Las circunstancias hicieron que el único sadomasoquista que he conocido (sin saber que lo eran, debo de haber conocido a muchos, ya lo sé) fuera el mejor crítico de teatro que he leído jamás. Se llamaba Kenneth Tynan y sus crónicas semanales eran, junto con las que escribía Cyril Connolly, el gran placer de mis domingos londinenses. Tynan tenía una enorme cultura teatral y escribía con ingenio, independencia, humor y un buen gusto infalible. Él mismo escribió -mejor dicho, reunió los textos de- ¡Oh, Calcuta!, uno de los grandes éxitos teatrales de aquella época. Sólo recuerdo de la obra que actores y actrices se pasaban un par de horas en el escenario en pelotas. Una vez cené con Tynan y su conversación era tan chispeante como sus artículos. A su muerte se publicaron sus cartas y por lo menos dos biografías (una de ellas escrita por su viuda, Katharine). Así supimos sus lectores que, desde hacía muchos años, el célebre crítico se reunía, un par de veces por semana, en un cuartito de Knightbridge, con una amiga y cómplice, para practicar esas sesiones de azotes que los dejaban a ambos enronchados y contentos.
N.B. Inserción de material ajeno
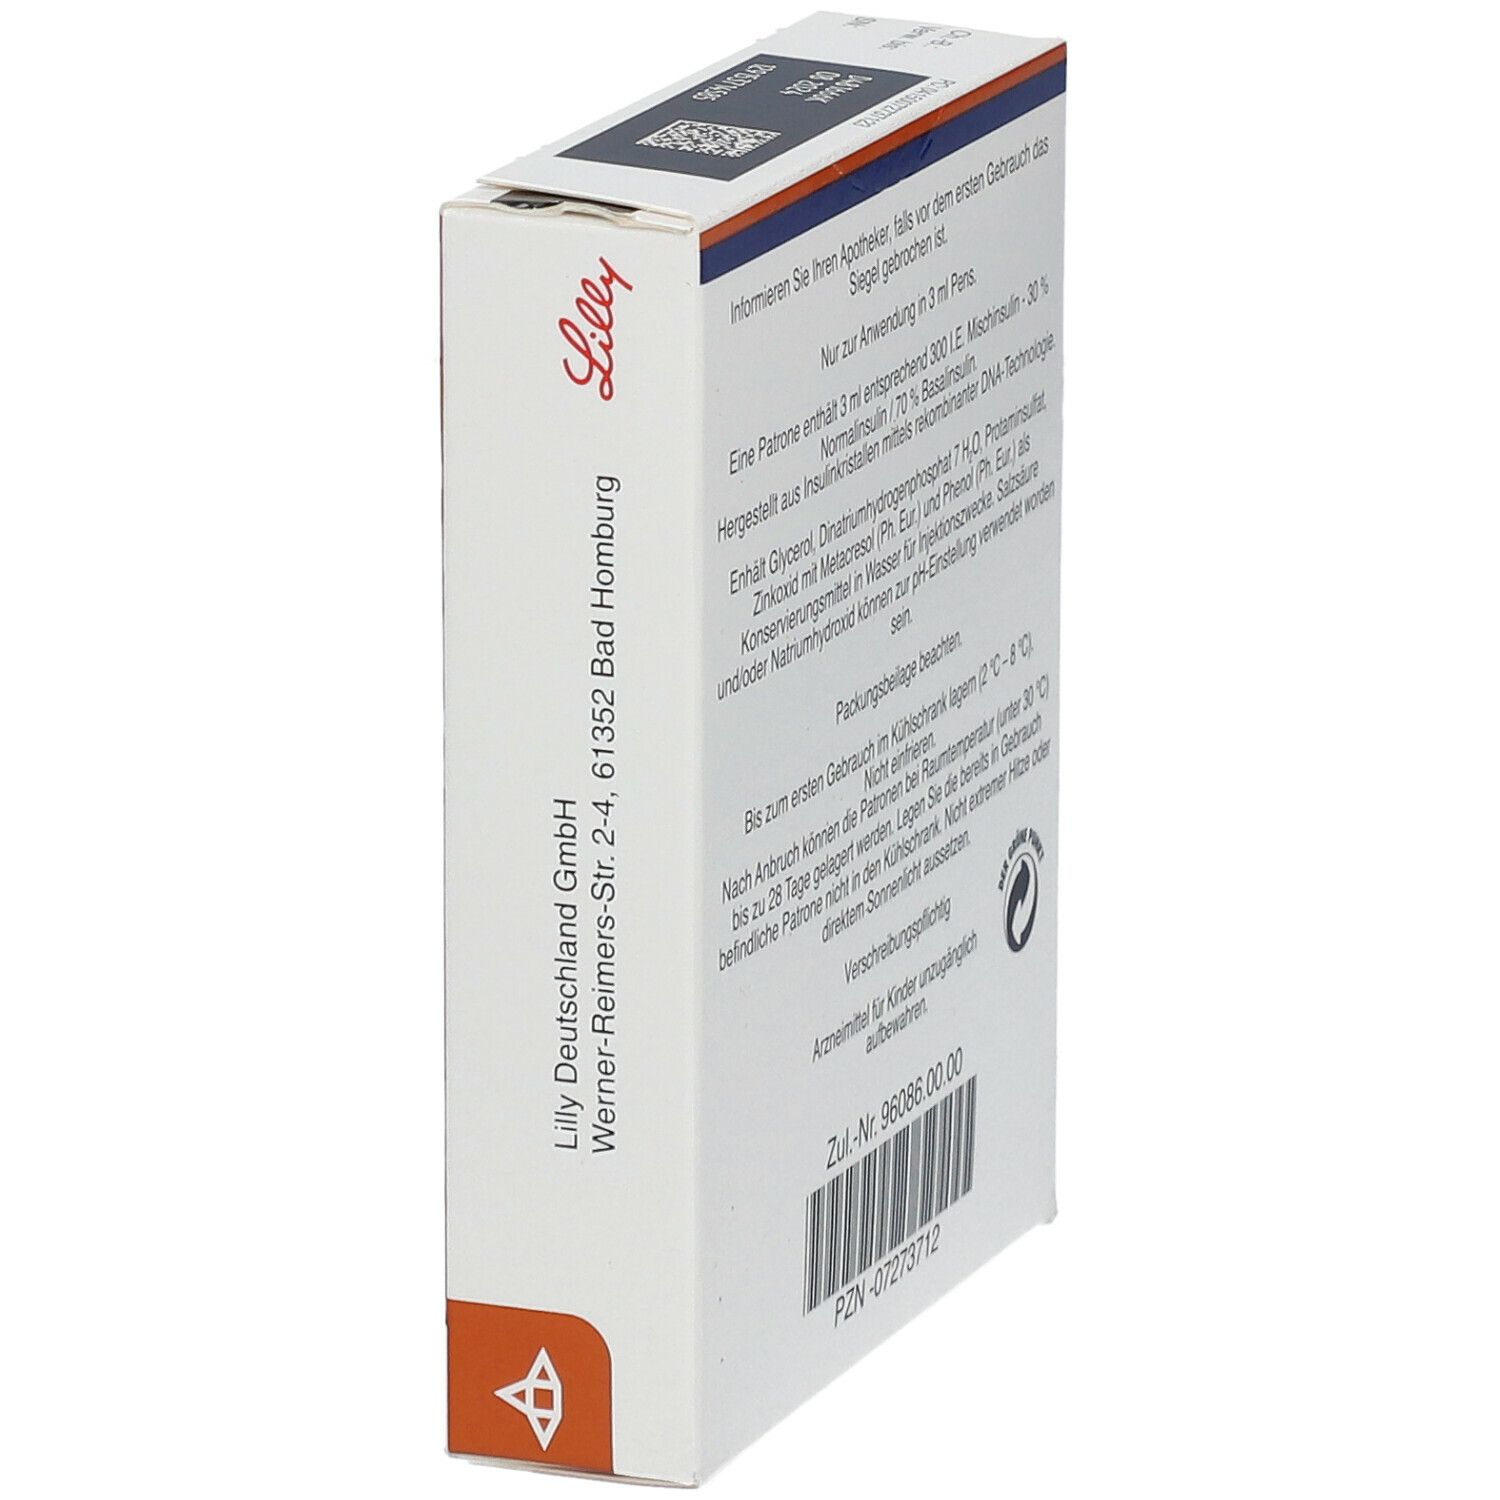 Huminsulin® Profil III für Pen 3 ml

Eran unos tiempos en los que la prensa amarilla no escarbaba en la intimidad de las personas con la tenacidad y la eficiencia con que lo hace en los nuestros. Porque, en la lastimosa astracanada de Max Mosley y las cinco prostitutas, el papel verdaderamente repugnante lo tiene, para mí, The News of the World -al que aquél acusa de haberle montado una emboscada-, con sus farisaicas pretensiones de defensor de la moral pública. Este periódico se ha ganado su inmensa popularidad -es el más leído del Reino Unido- con las sistemáticas raciones de mugre e infamia con que alimenta a unos lectores, a quienes, está demostrado, este género de nutrición les encanta. De modo que aquello del “vicio inglés”, después de todo, podría no ser algo tan prejuicioso y desatinado como yo creía.